"Did you give me your daughter for the same season? Did you, Leslie——"

There was a deep silence in which the attention of all was focussed on the girl.

"Mr. Beekman," she said, in a cold, hard voice, though her eyes were softly eager, "will you tell me once for all whether you're going to pardon my father?"

"I certainly am not going to pardon him," declared Beekman.

Leslie favoured him with a little stinging laugh.
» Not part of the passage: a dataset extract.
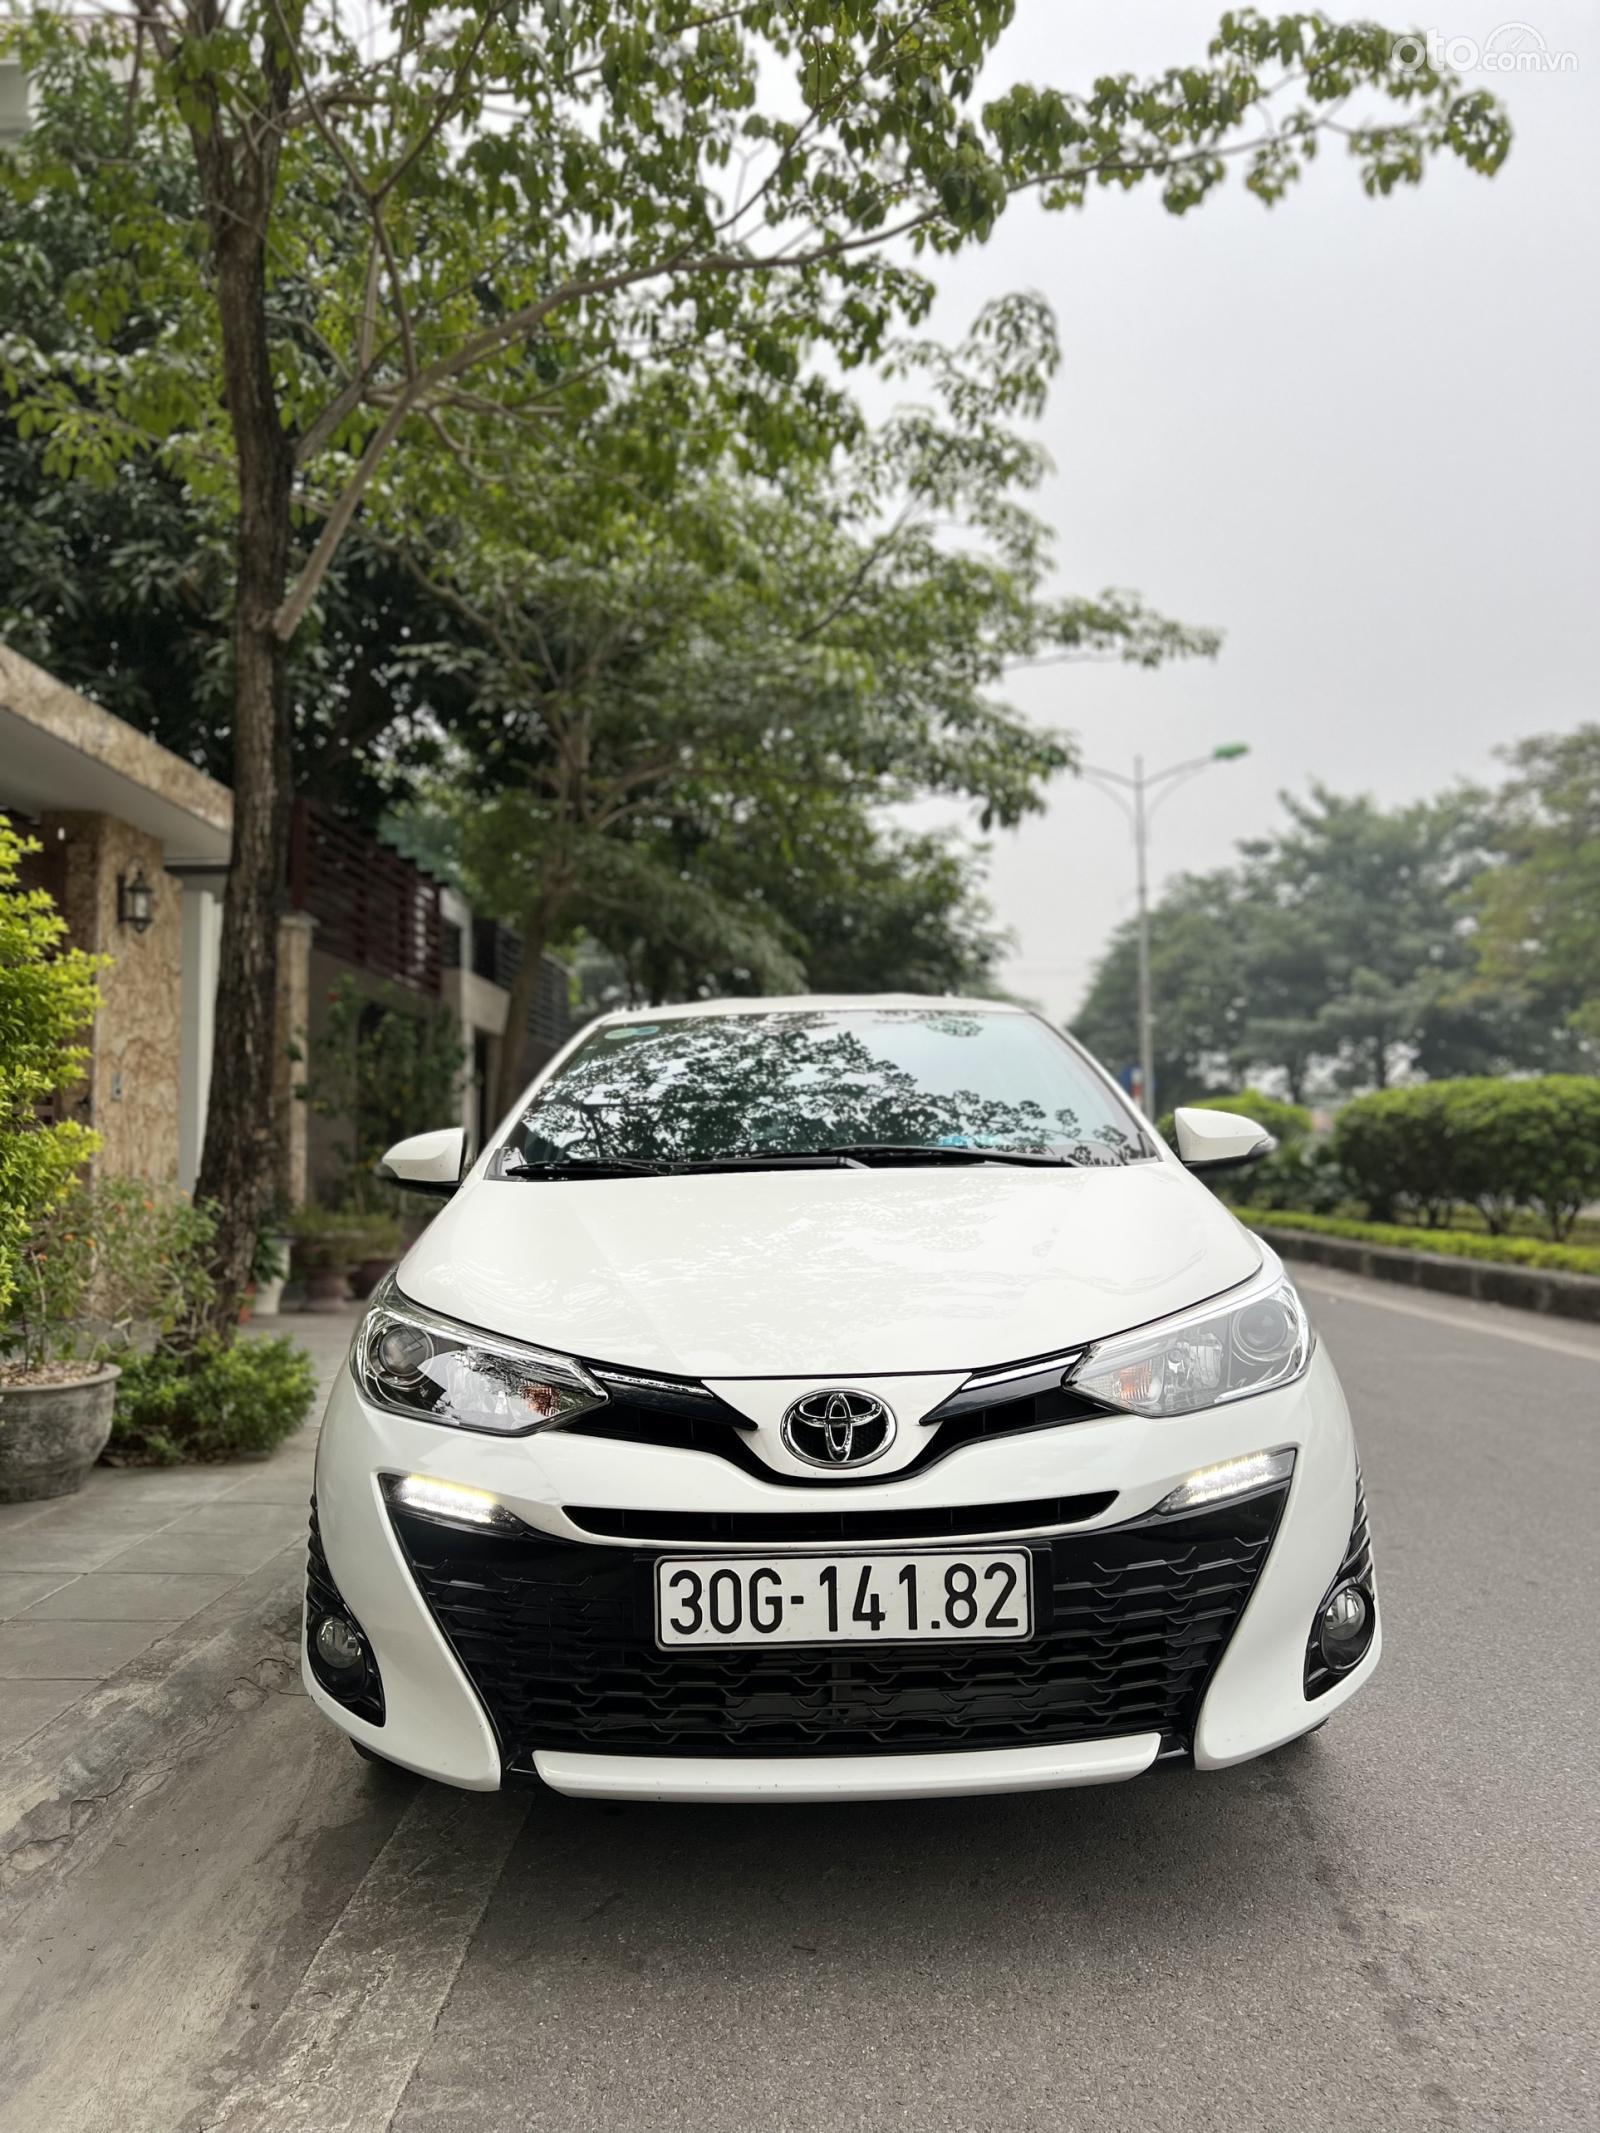 Bán xe Toyota Yaris 1.5G sản xuất năm 2019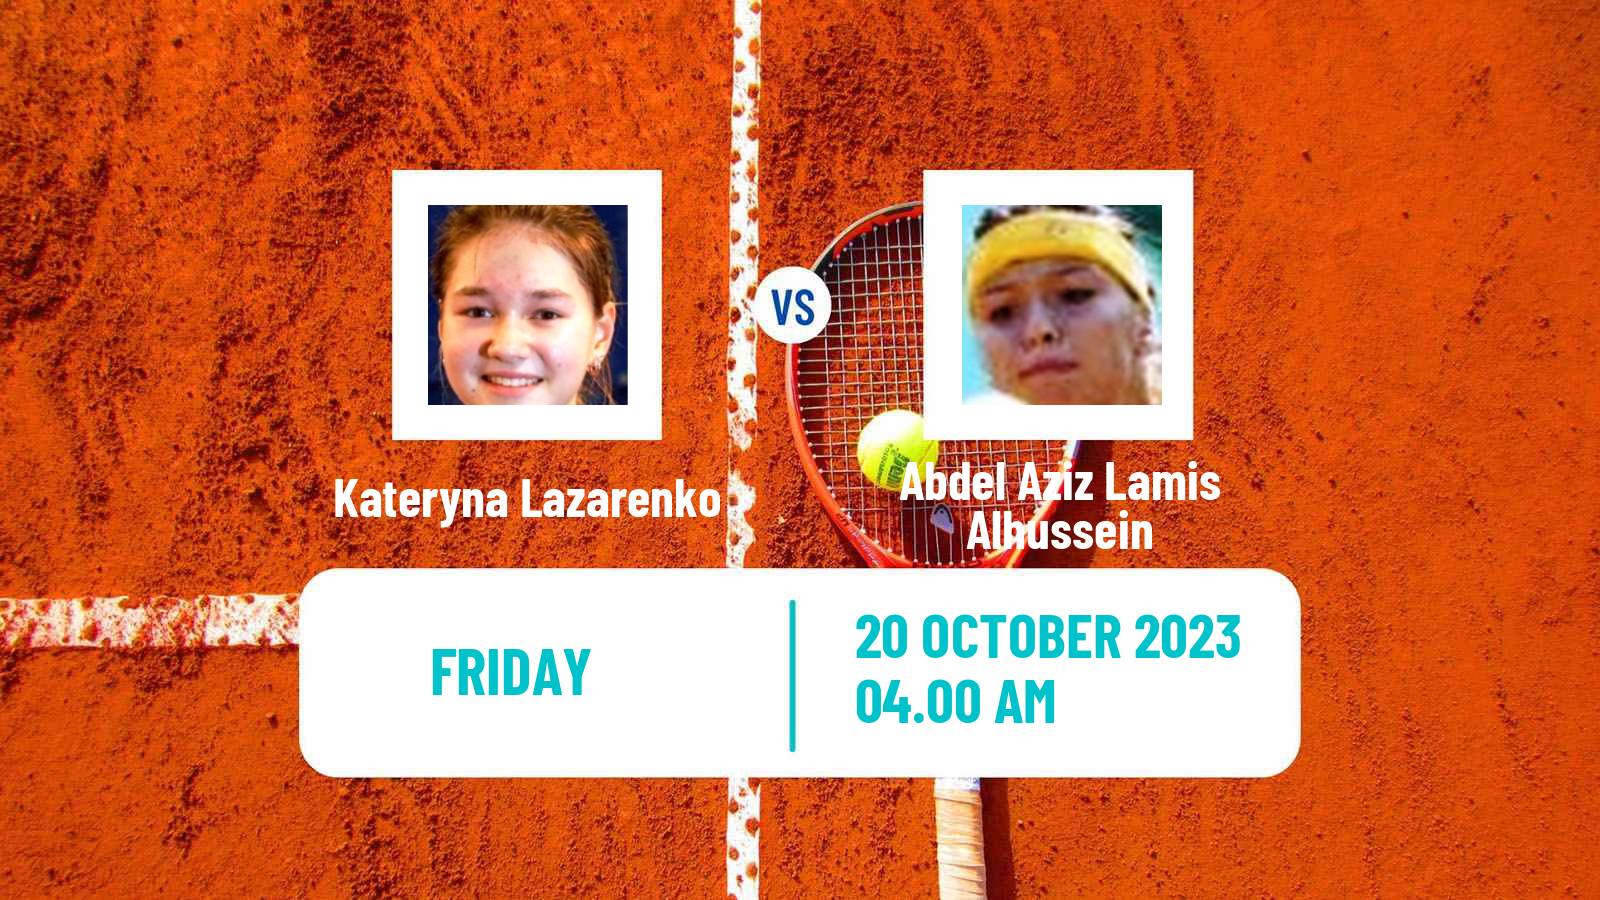 Tennis ITF W15 Sharm Elsheikh 15 Women Kateryna Lazarenko - Abdel Aziz Lamis Alhussein

"Then you'd better know the rest. Yes, it is true that my father gave me to you—I gave myself to you for that very reason, and no other.... I made a big mistake; so did he. We should have made our bargain before we took that step. It would have been better." She paused to take breath, and presently went on in a voice that rankled: "You talked once to me of equals—and when you got this office you thought, at last, that you were my equal. I know better; you're my inferior. And I want you to know and to understand—and understand it clearly—that the Wilkinsons do not mate with cowards." And with that she drew off her ring and placed it before him, crying: "There!"

An instant later, Leslie, strangling a sob that threatened to escape, hurriedly fled from the room, her father and Flomerfelt following closely on her heels.

XIX

In common with most men who have attained their ambition to be money-kings, Peter V. Wilkinson regarded the legal profession solely in the light of the ability of its members to provide processes for him by means of which the law could be evaded. Failing in that or in their promises of immunity from imprisonment,—which is much more to the point in this case,—their usefulness, naturally, ceased. Accordingly, from time to time, one after another of his superfluous counsel had been dropped, even Patrick Durand, able criminal lawyer as he was acknowledged to be, being forced to content himself with a handsome souvenir of his connection with the case, to the exclusion of any further interest in the expected spoils. Obviously, the old Colonel was retained, but even this field marshal of a hundred campaigns, when he arrived at the Wilkinson suite in the Remsen at Albany in response to Wilkinson's imperative summons, had to acknowledge that the battle of his life—the last battle of what he called the running fight—was on, and likely, so at least it looked at the present time, to be his Waterloo.